Dataset section —
───

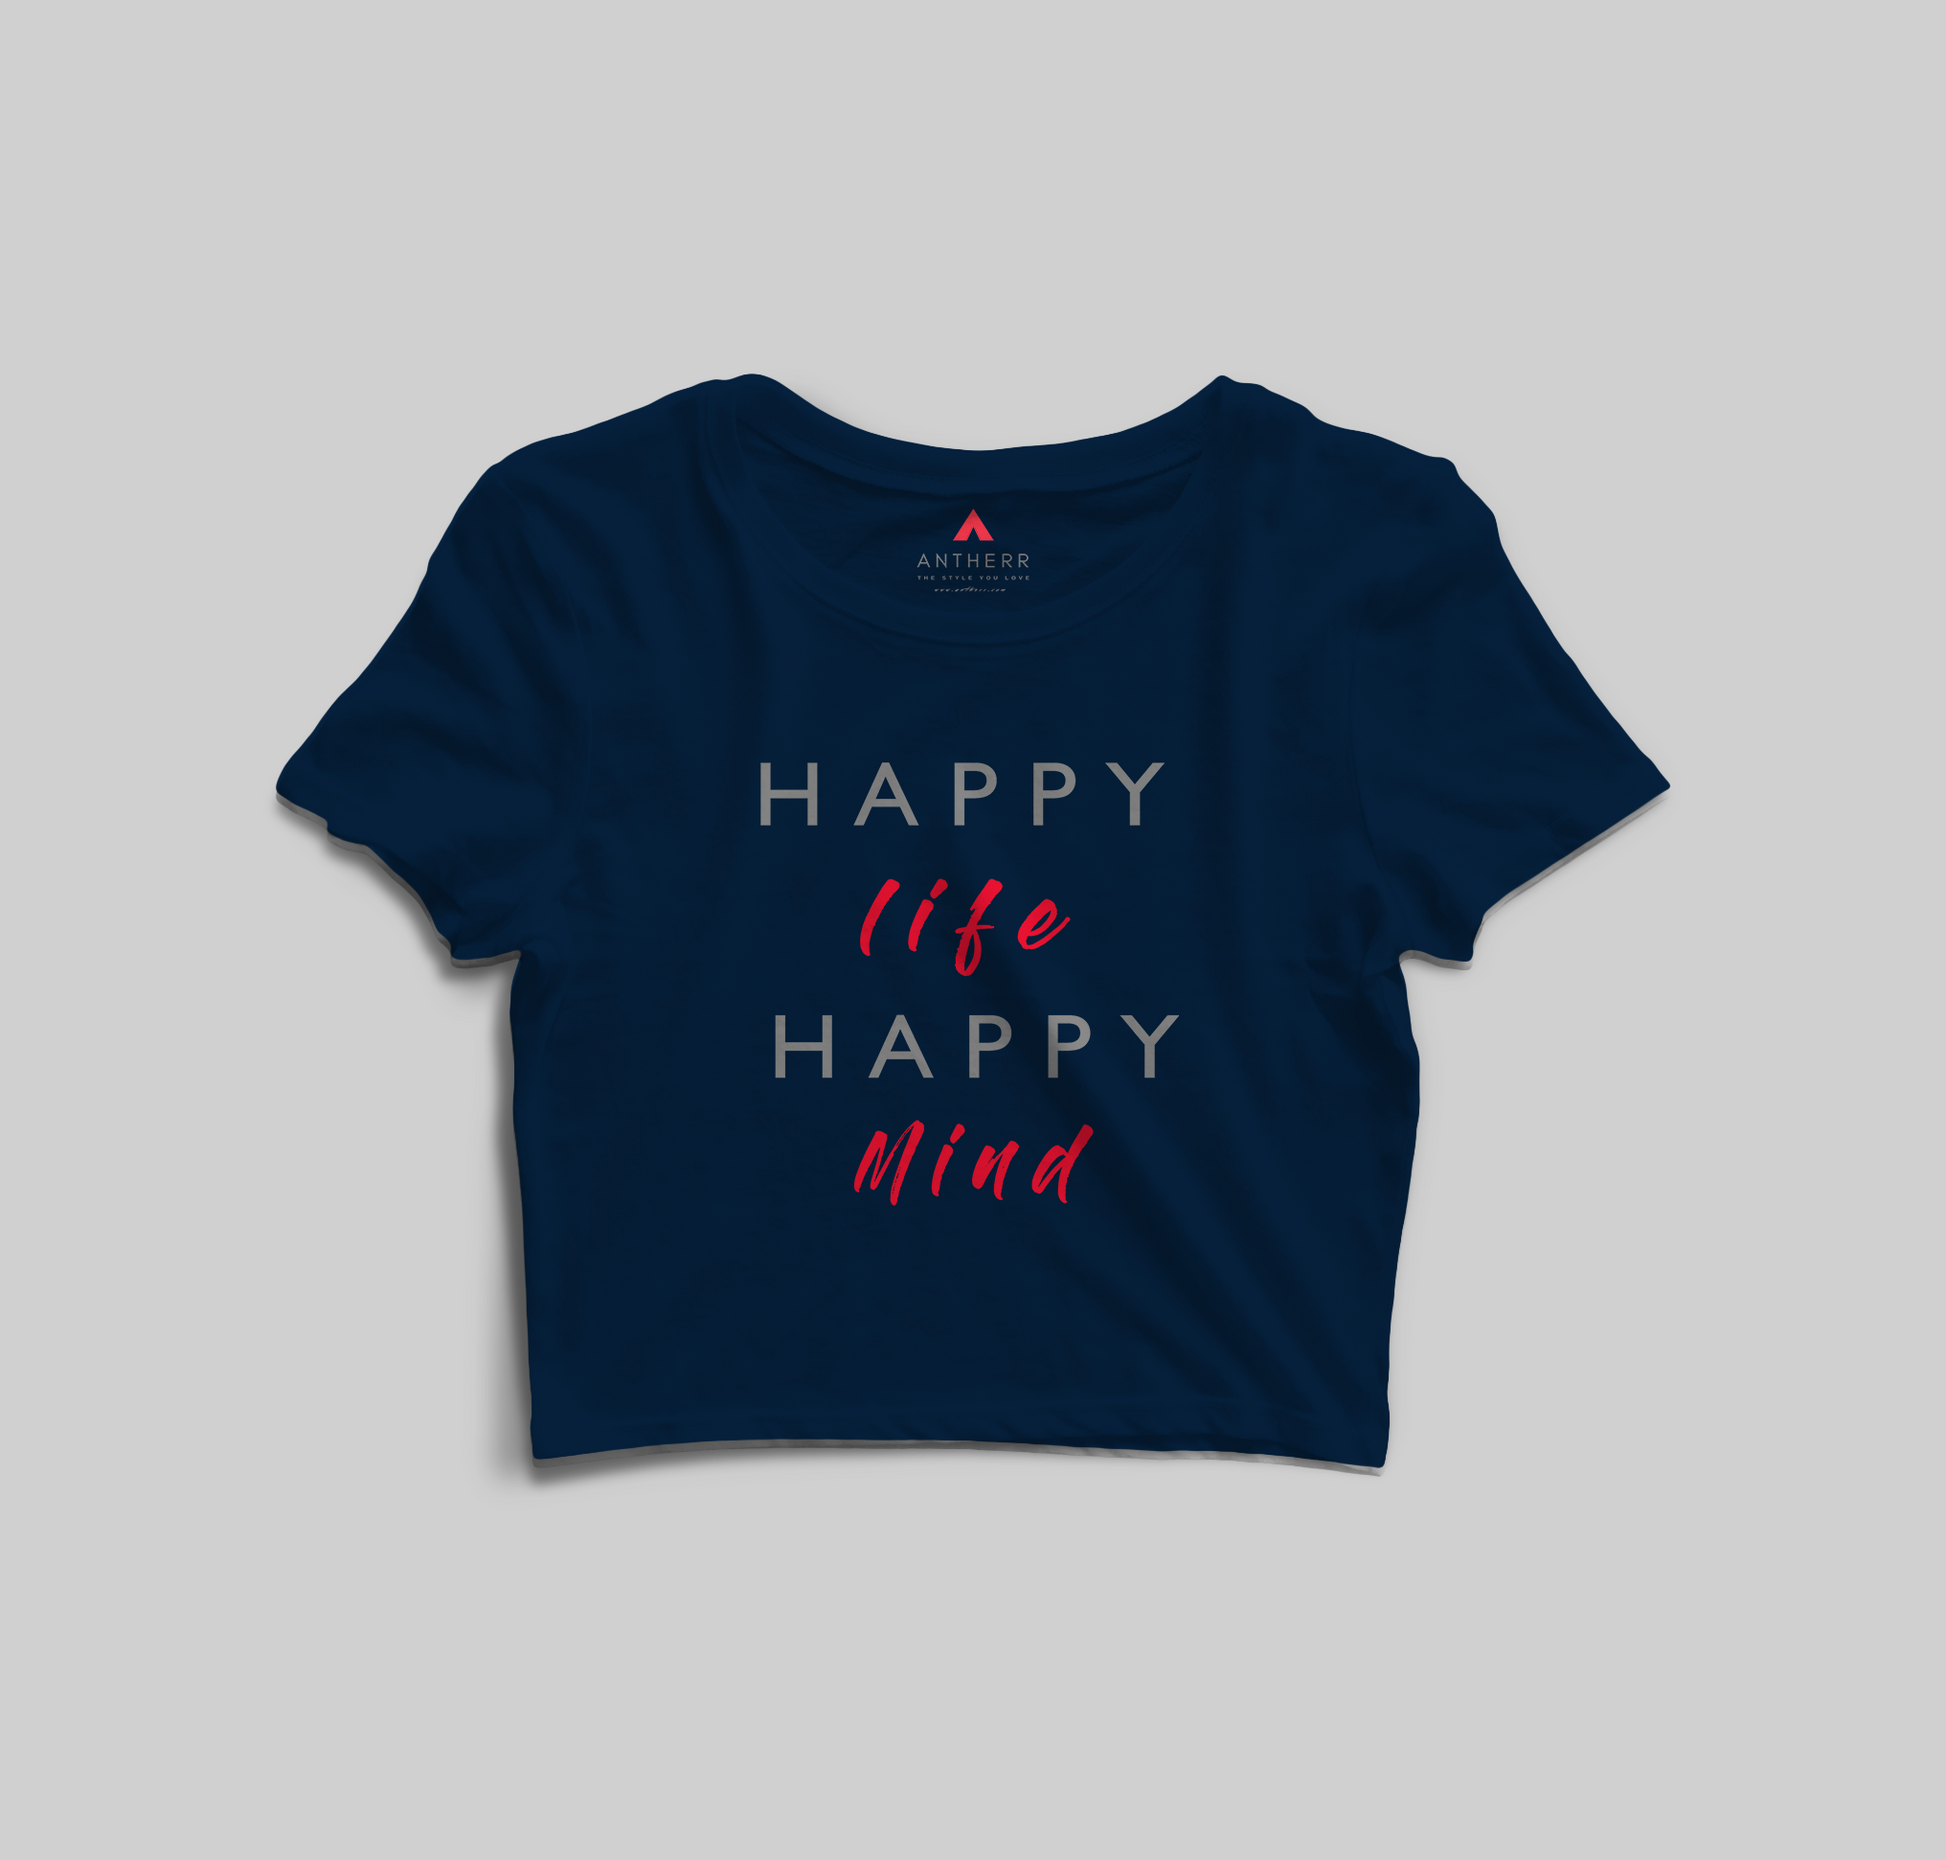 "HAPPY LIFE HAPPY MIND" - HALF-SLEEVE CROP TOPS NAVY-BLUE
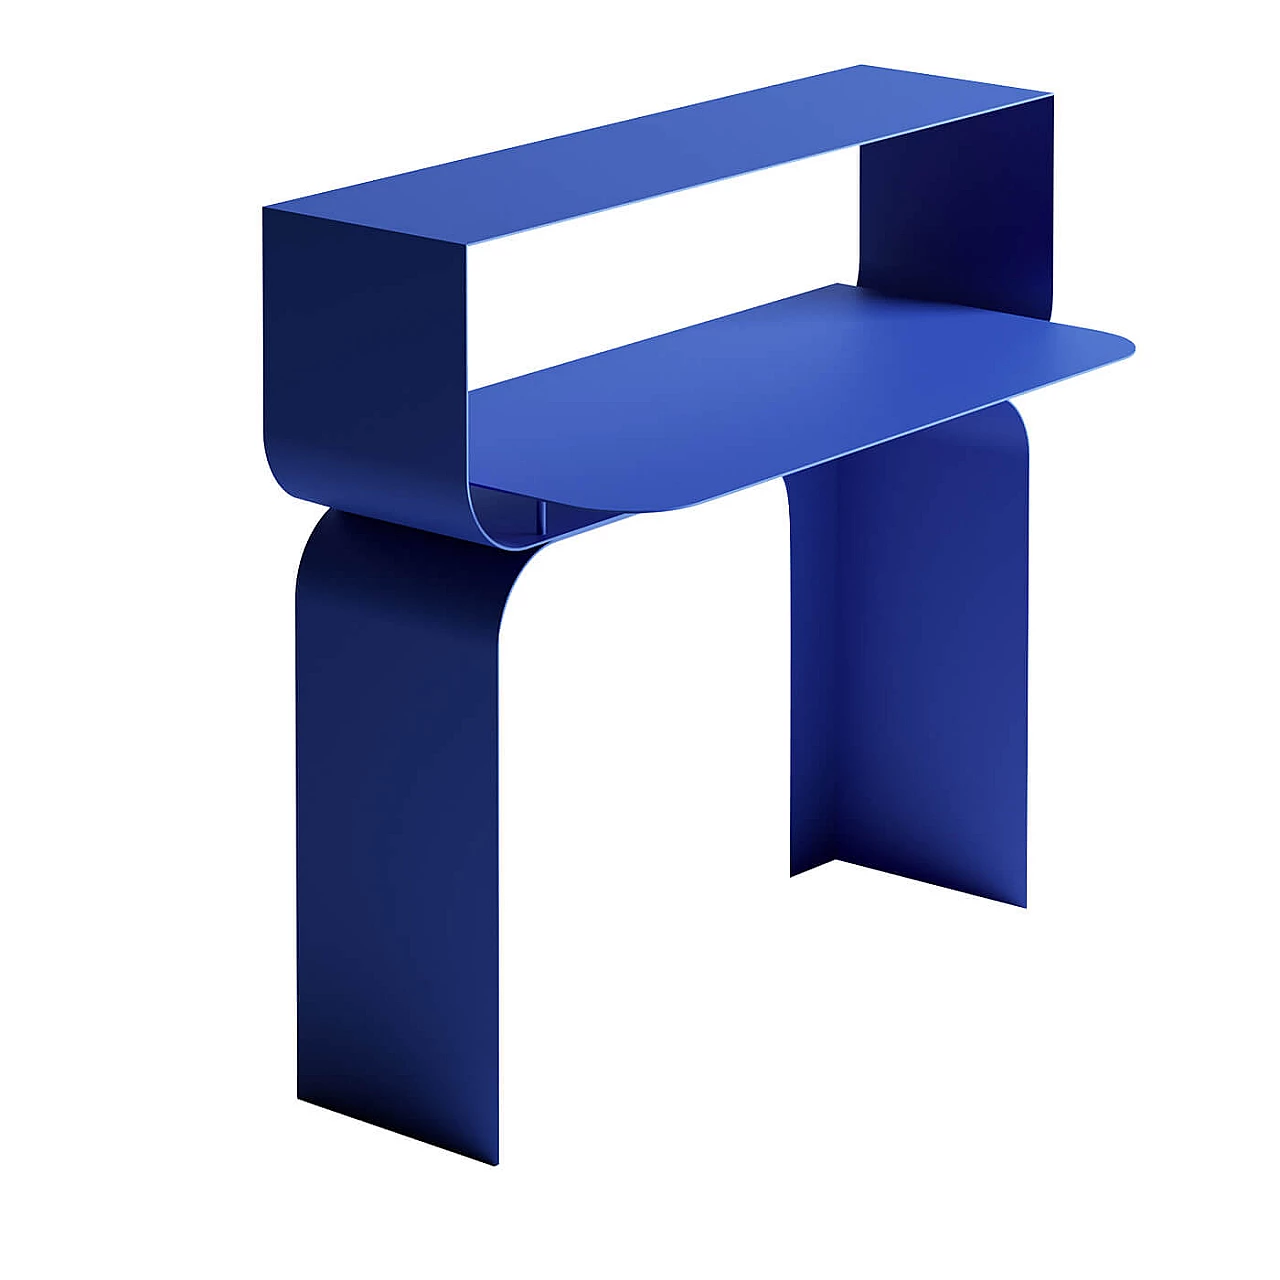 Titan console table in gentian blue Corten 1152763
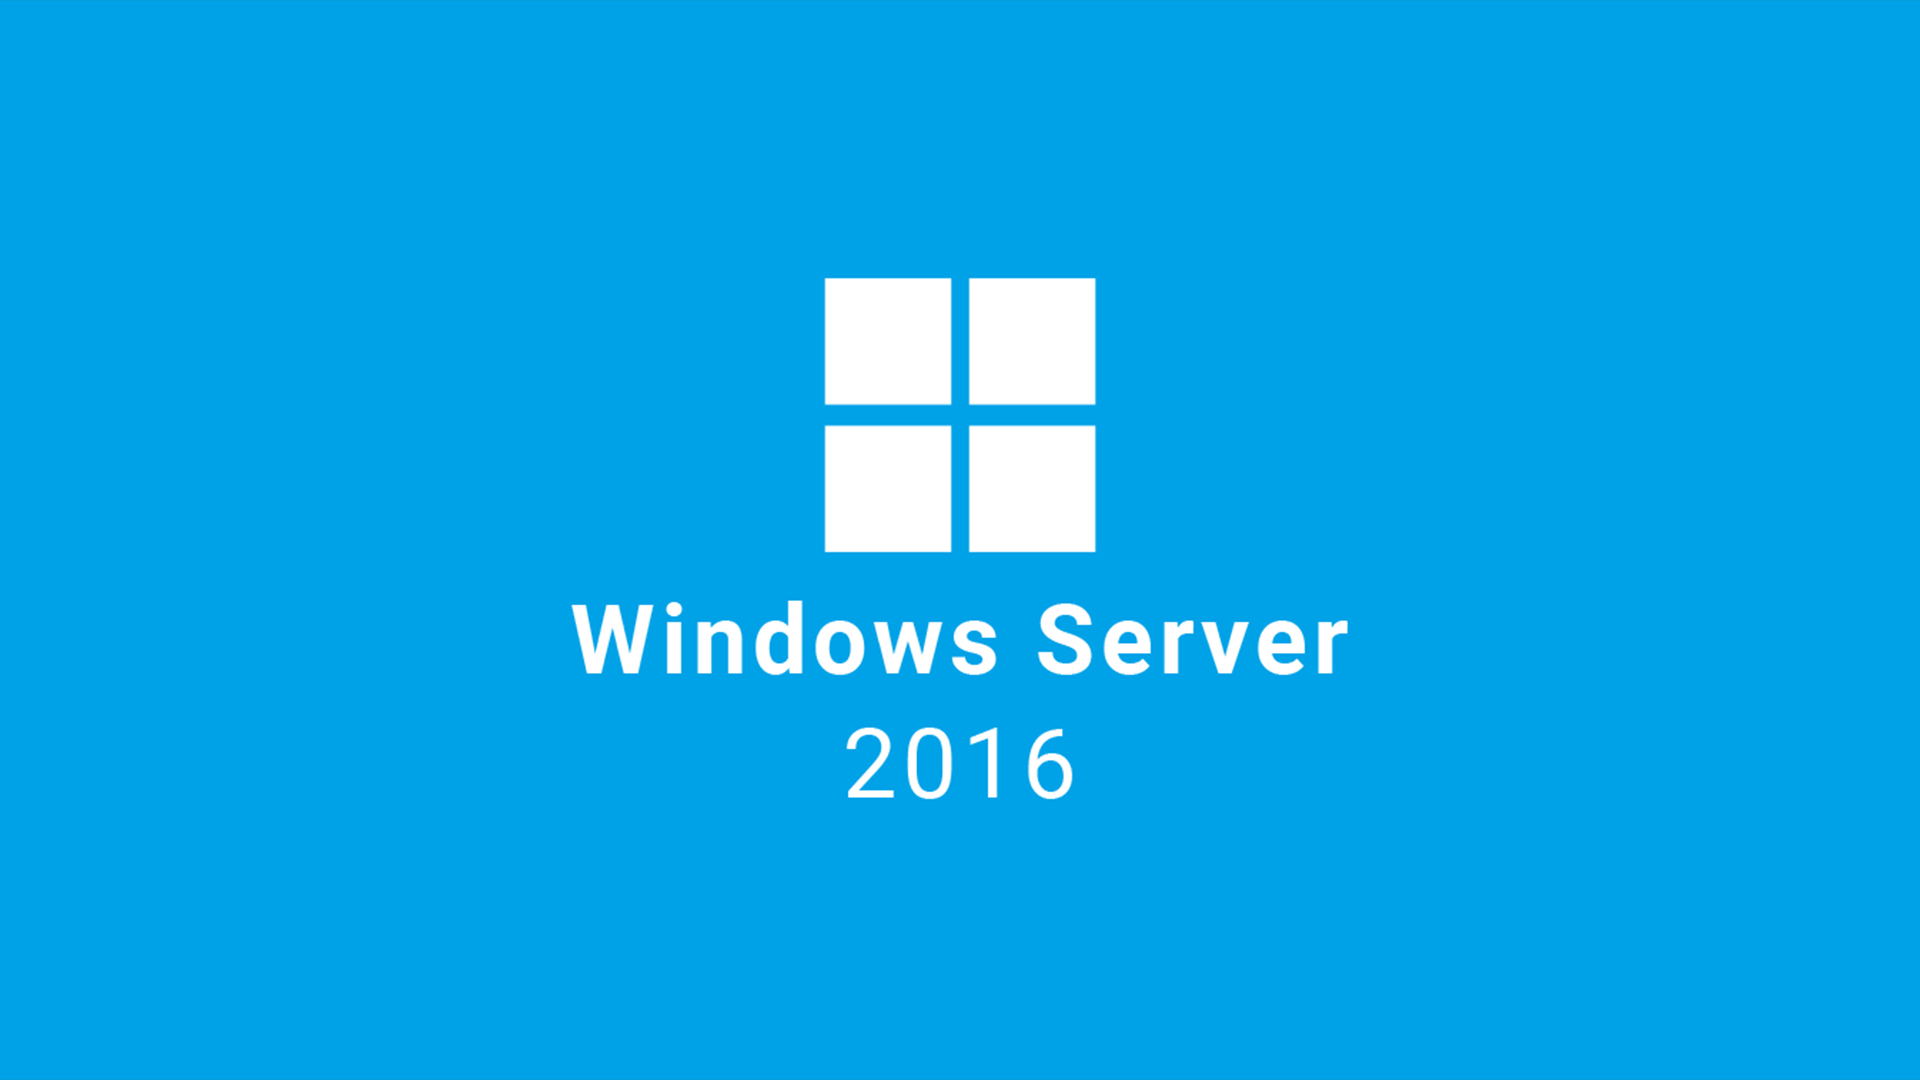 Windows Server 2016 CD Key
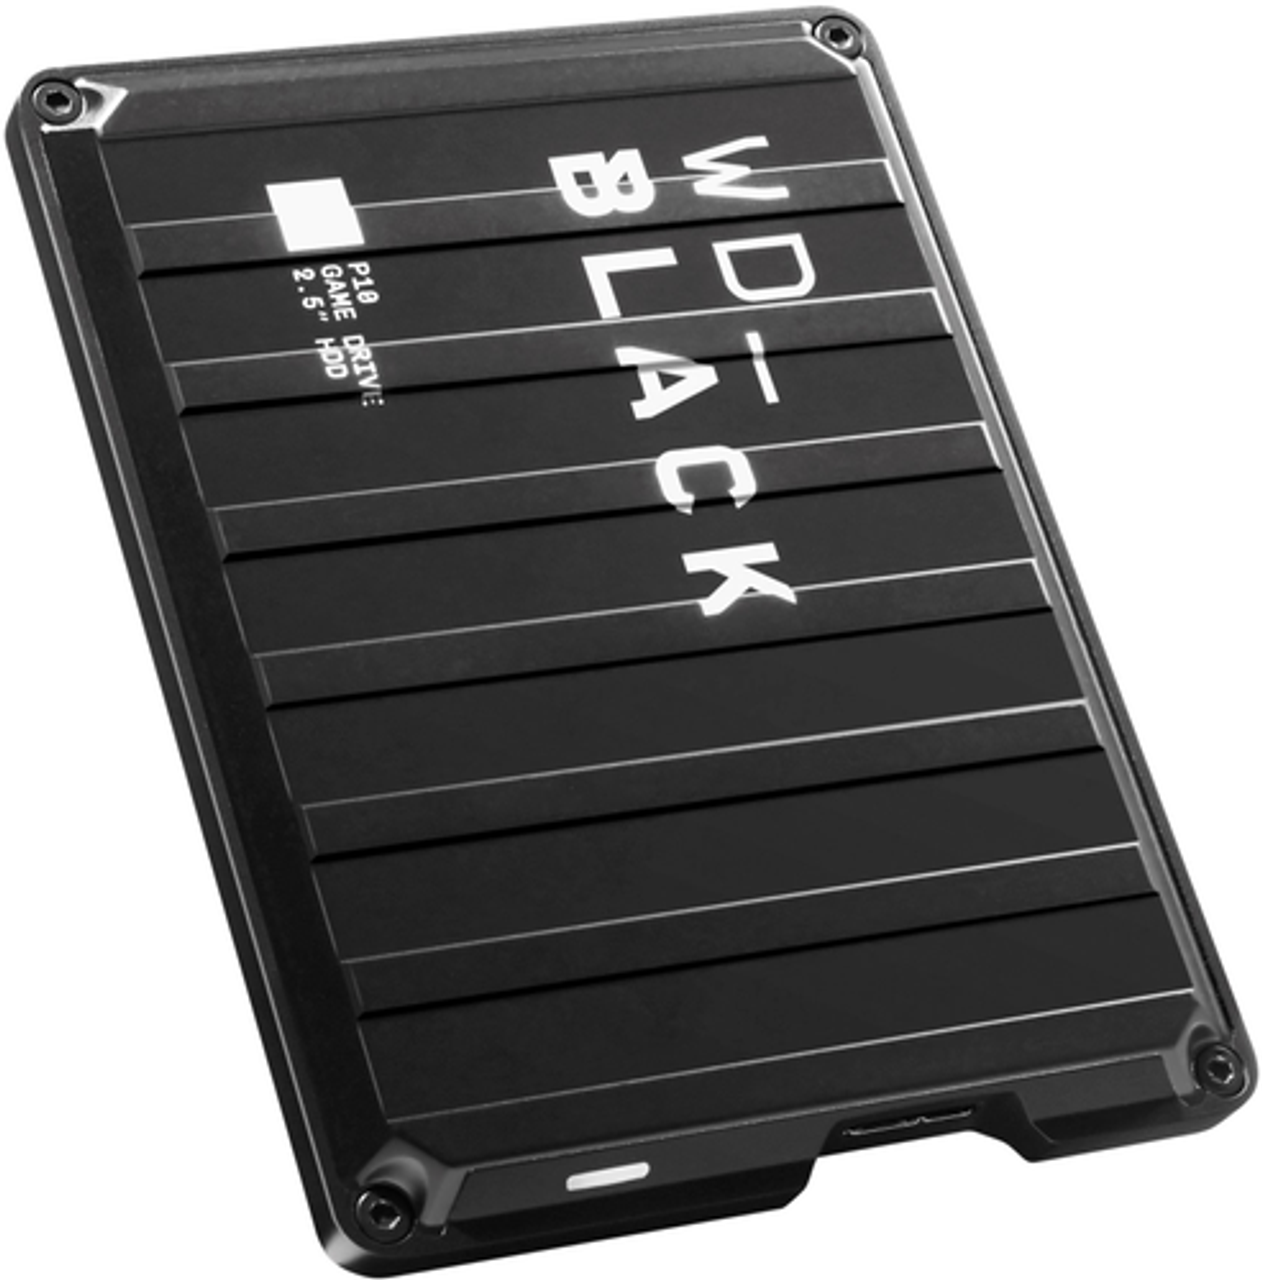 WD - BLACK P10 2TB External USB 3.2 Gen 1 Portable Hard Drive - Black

───

Assignment —
Make an exact copy of the listing. Leave its pictures out.

Reply —
 "HAPPY LIFE HAPPY MIND" - HALF-SLEEVE CROP TOPS NAVY-BLUE
 Titan console table in gentian blue Corten 1152763
 Windows Server 2016 CD Key
 WD - BLACK P10 2TB External USB 3.2 Gen 1 Portable Hard Drive - Black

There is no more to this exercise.